Start of Material provided
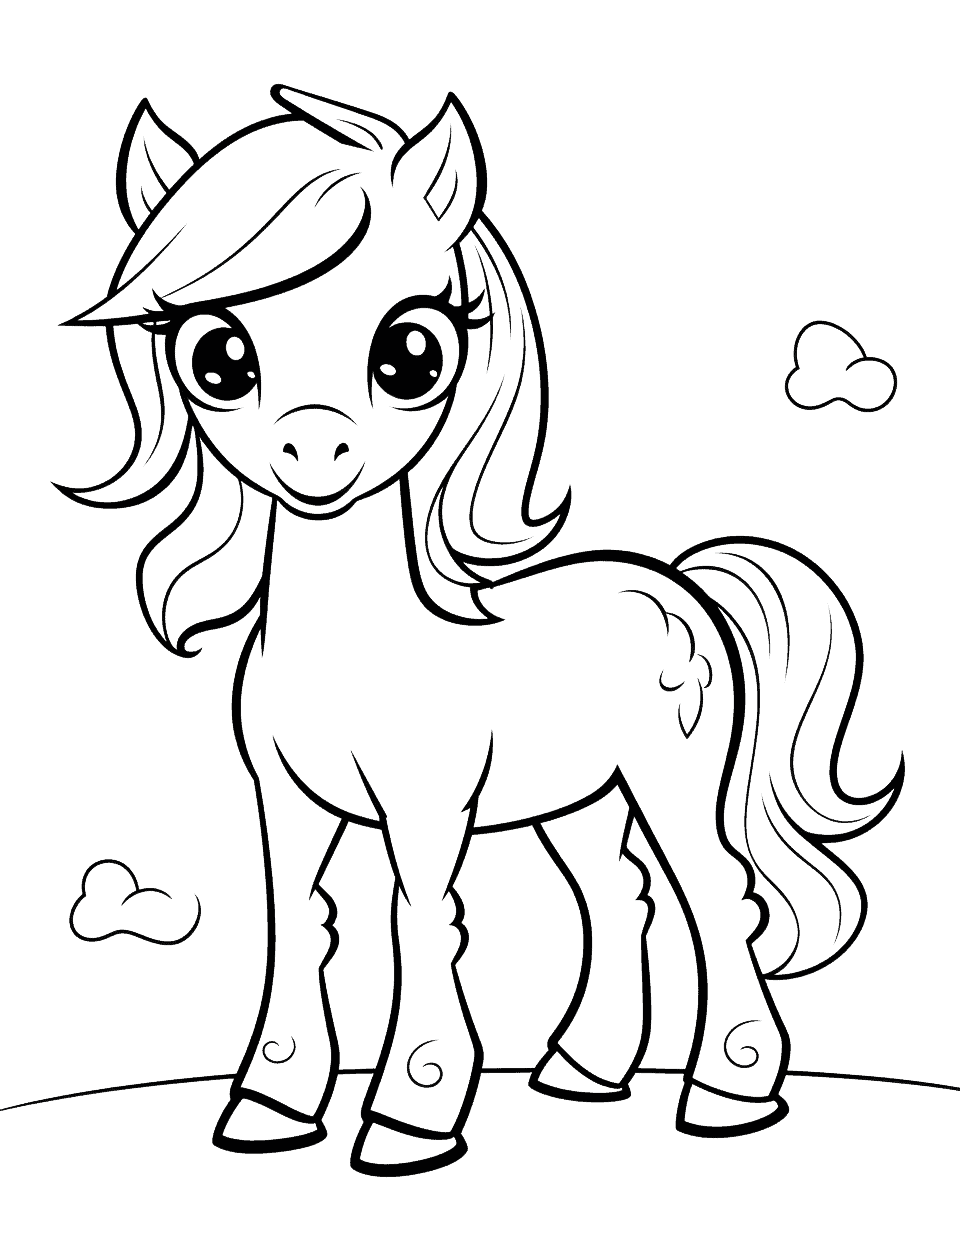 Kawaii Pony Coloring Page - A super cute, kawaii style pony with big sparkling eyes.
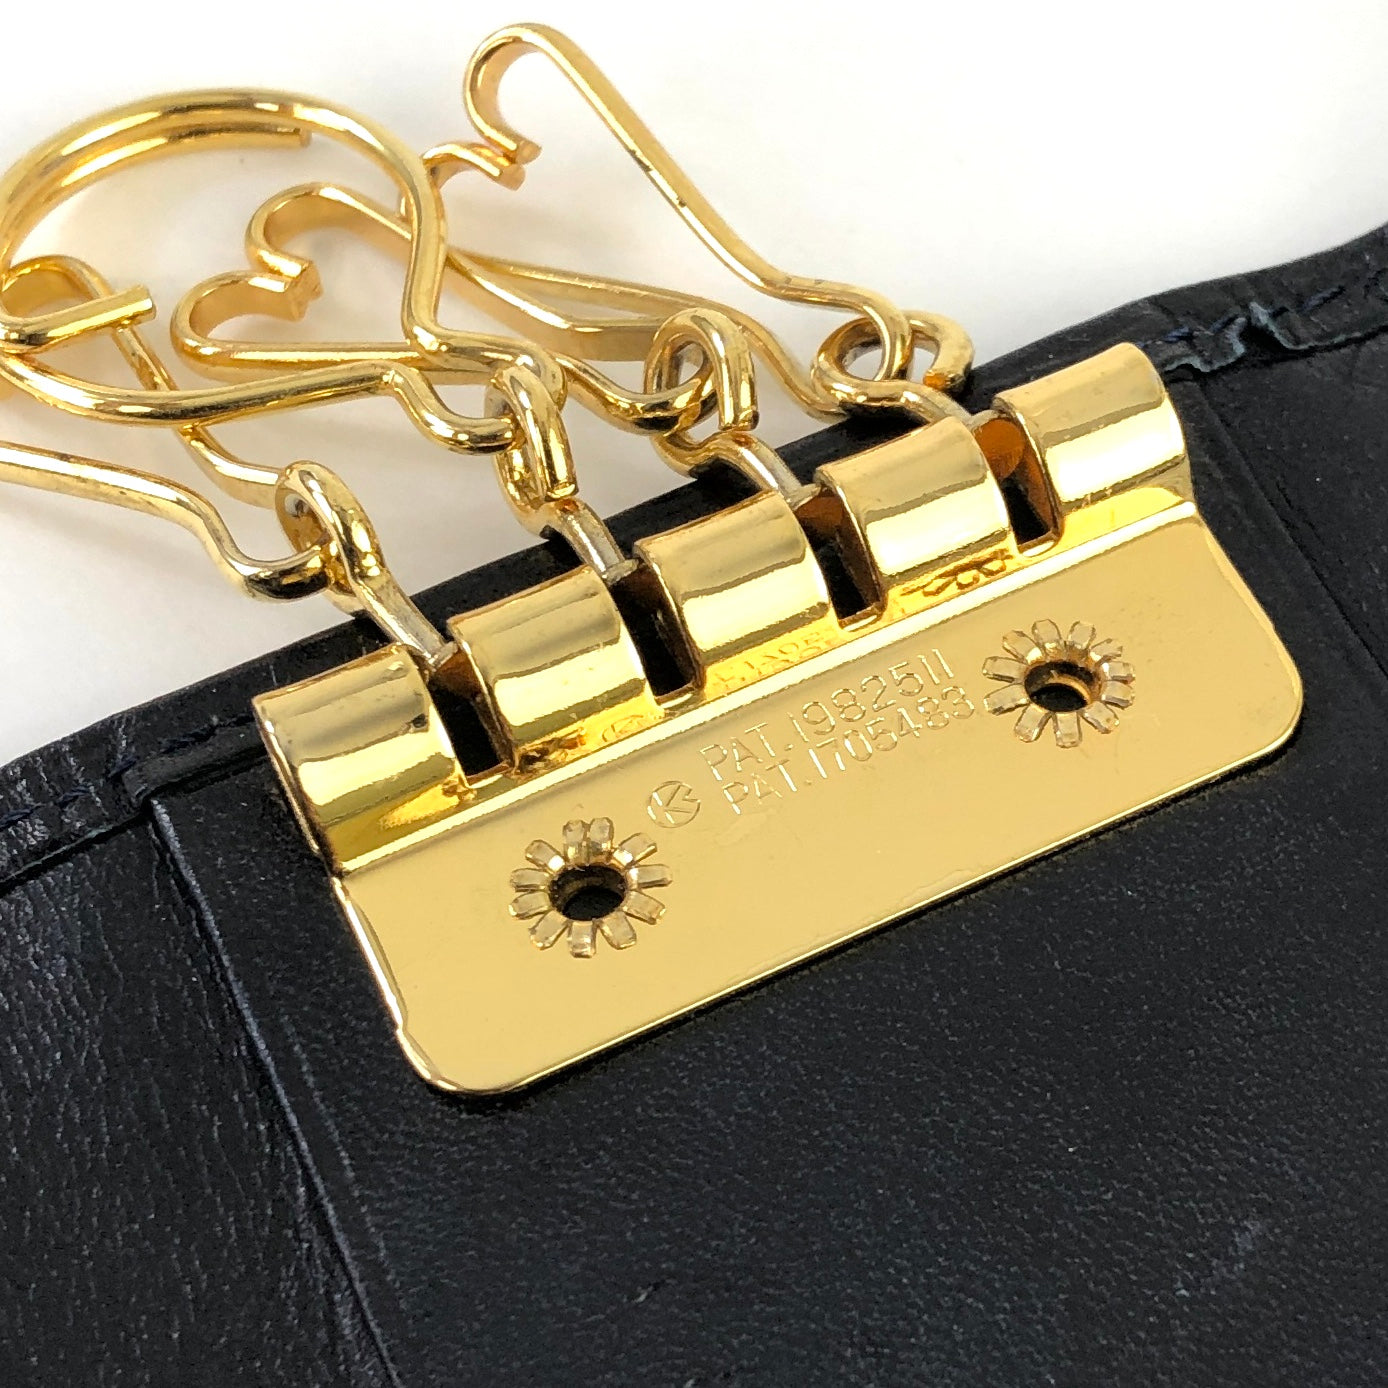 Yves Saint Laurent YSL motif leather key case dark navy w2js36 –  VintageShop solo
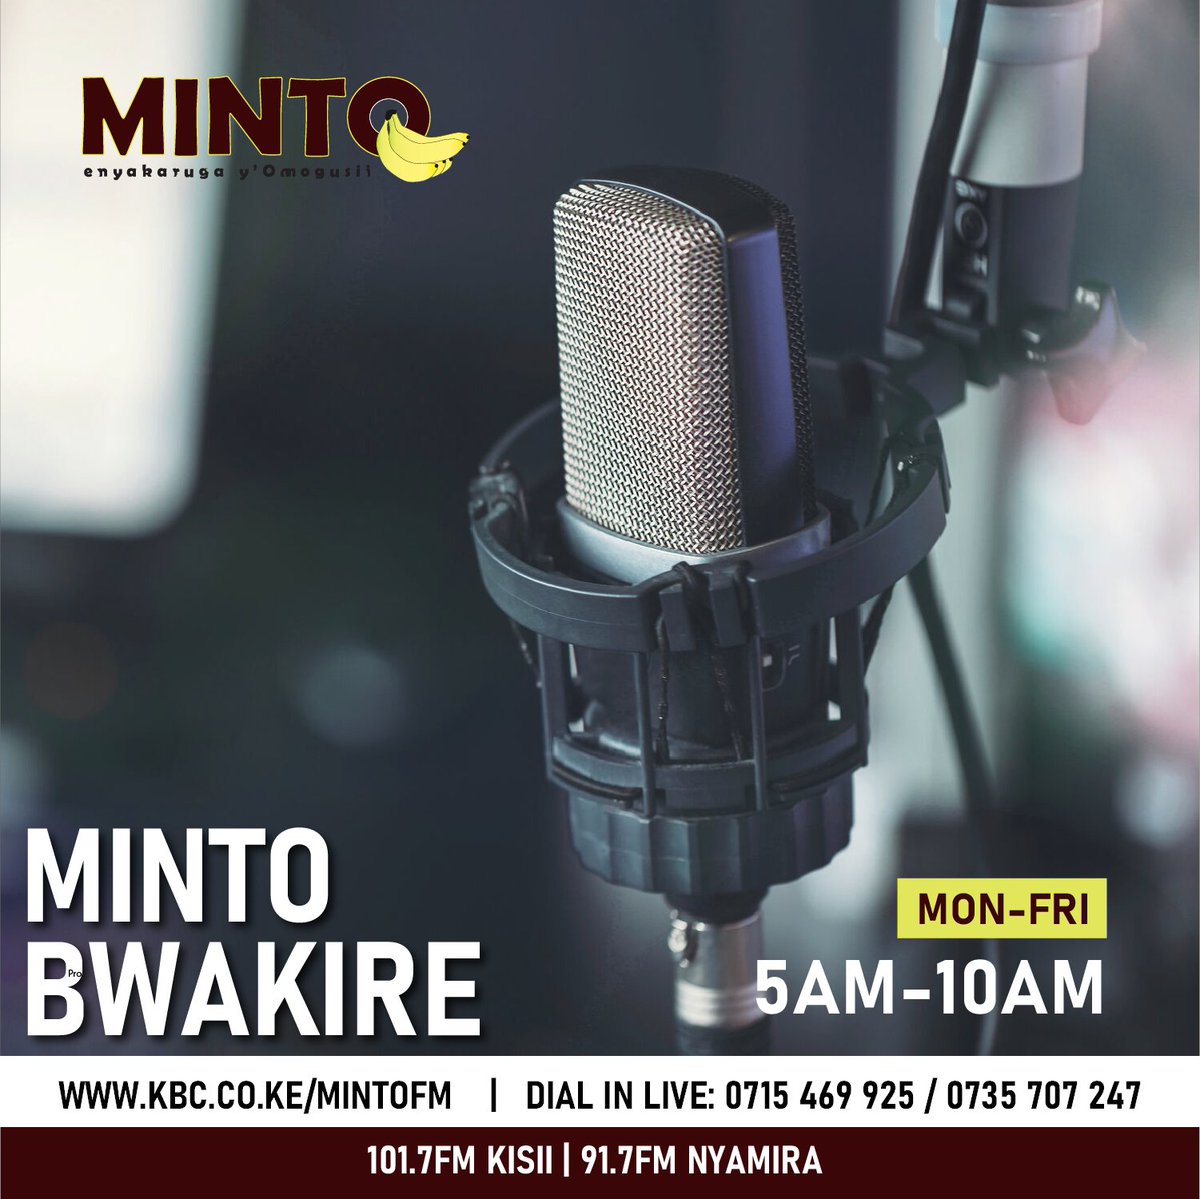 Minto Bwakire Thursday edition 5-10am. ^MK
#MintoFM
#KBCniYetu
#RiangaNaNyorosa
End of Material provided
[What you are asked to do] Output all of the data word for word, excluding any pictures.

[Result for this exercise]
 Kawaii Pony Coloring Page - A super cute, kawaii style pony with big sparkling eyes.
 Yves Saint Laurent YSL motif leather key case dark navy w2js36 –  VintageShop solo
 Minto Bwakire Thursday edition 5-10am. ^MK
#MintoFM
#KBCniYetu
#RiangaNaNyorosa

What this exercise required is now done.